Feeling awfully good about myself!

So, I've been working really hard at losing weight these days. I joined Weight Watchers in July and I'm down 31 pounds since then. I think I've mentioned, Alex and I have joined a gym and I've been pretty faithful about going there at least three times per week. I do thirty to forty five minutes of cardio (treadmill, cycling and sometimes elliptical) and sometimes I throw in some weight circuits just for good measure. I HATE working out. I really do. Well, actually, it's the getting motivated to go work out that gets me. I'm not motivated, not really.

But I keep asking myself how badly do I want this? How much do I want to lose this extra weight once and for all and what am I willing to do to lose it?

Tonight, Alex was worn out. His sleep pattern is always weird and off and on and tonight he was too tired to go to the gym. It would have been easy for me to use that as an excuse to stay home. But I didn't. I went. On my own. And I did my full work out.

The thing is, once I am there, it feels good. I do like it. I feel better working out and it's fun. It's just getting there that's the hassle. But, oh well, I did it!! And that makes me feel pretty damn good about me.

My overall weight goal is big but I can't think about that. That would be too much to handle and I would be frustrated and quit. So, I am taking it one pound at a time, one meal at a time, one work out at a time. And it's working. I have two newish pair of jeans that I can no longer wear. And not because they're too tight. They're way too big! I can put them on and take then off without unzipping them! Hahah! So, I'm making a box load of clothes to give away.

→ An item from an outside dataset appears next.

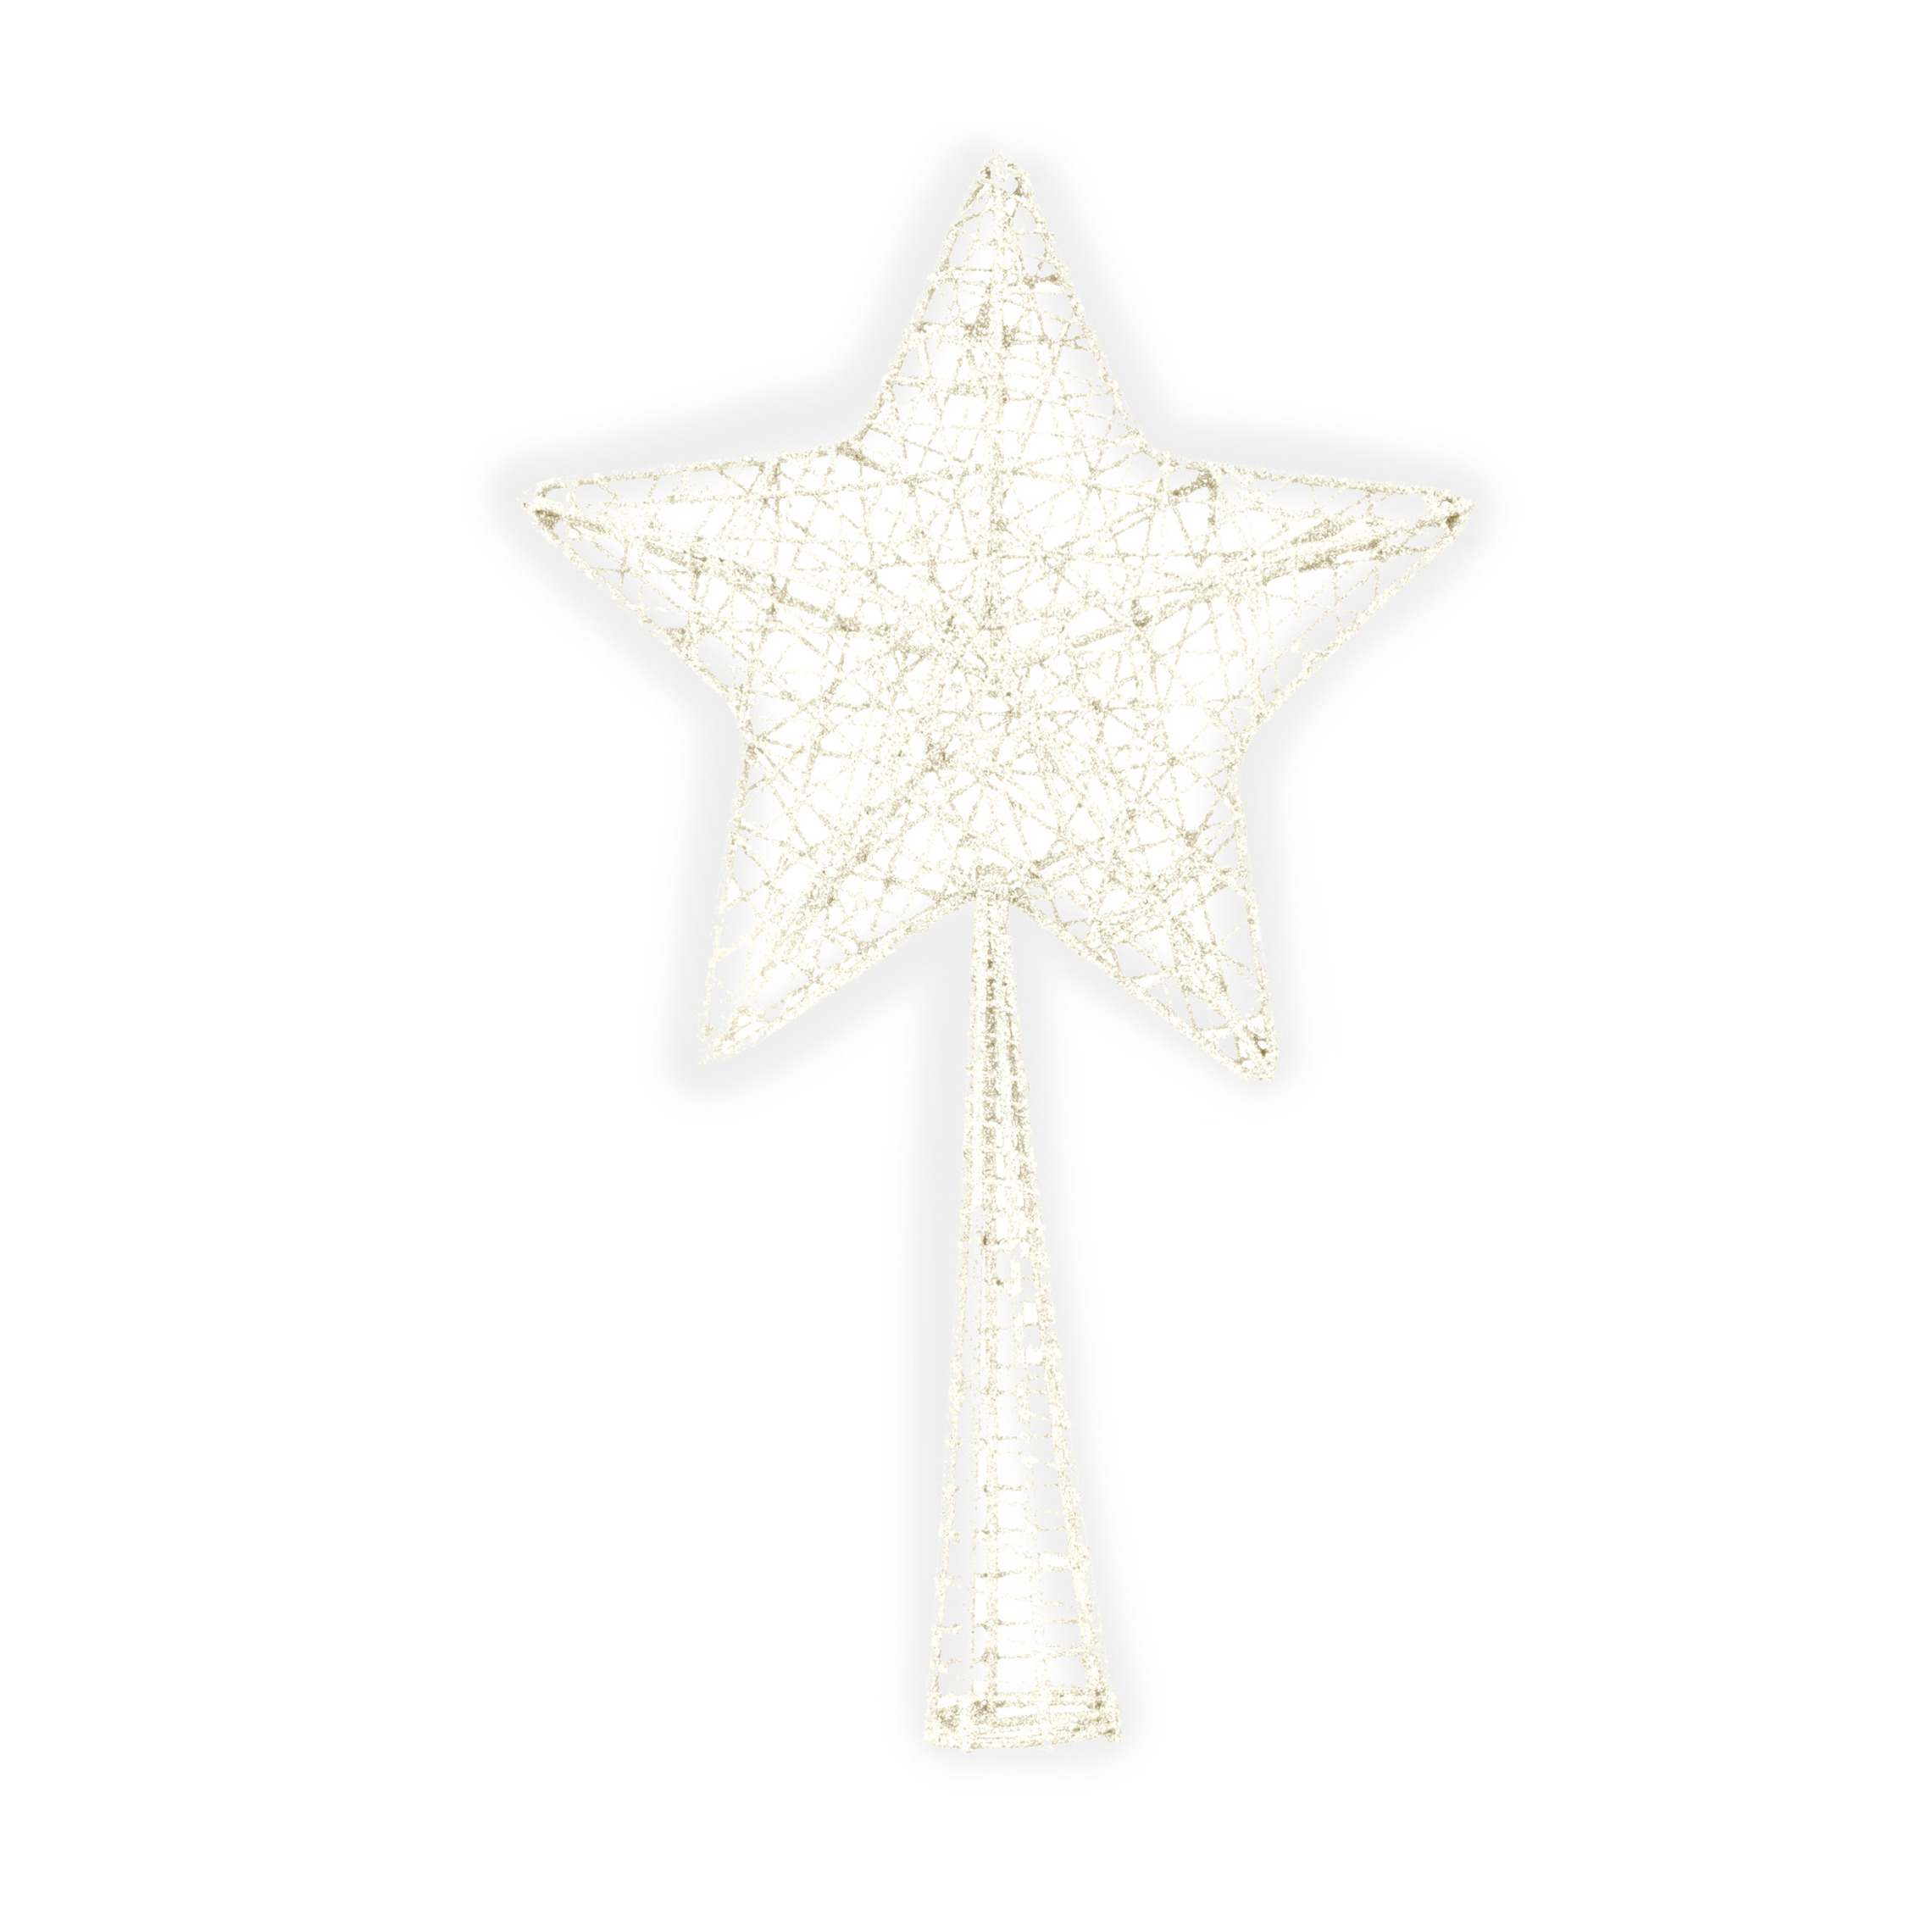 Kunststof ster piek-kerstboom topper glitter wit 28 cm

Also, since the holidays are looming. I'm going to take part in a Food Collection Challenge. For every pound I lose between now and Thanksgiving, I'm going to donate a pound of non-perishable items to a local food bank. It's gonna be good seeing that food donation pile grow as the pounds come off!

My ultimate fitness goal is to be able to run. Oh, I can run now but I mean to run...like a long way...outside. Just for fun! It's coming. I know it is. Until then, one pound at a time. I'll get there!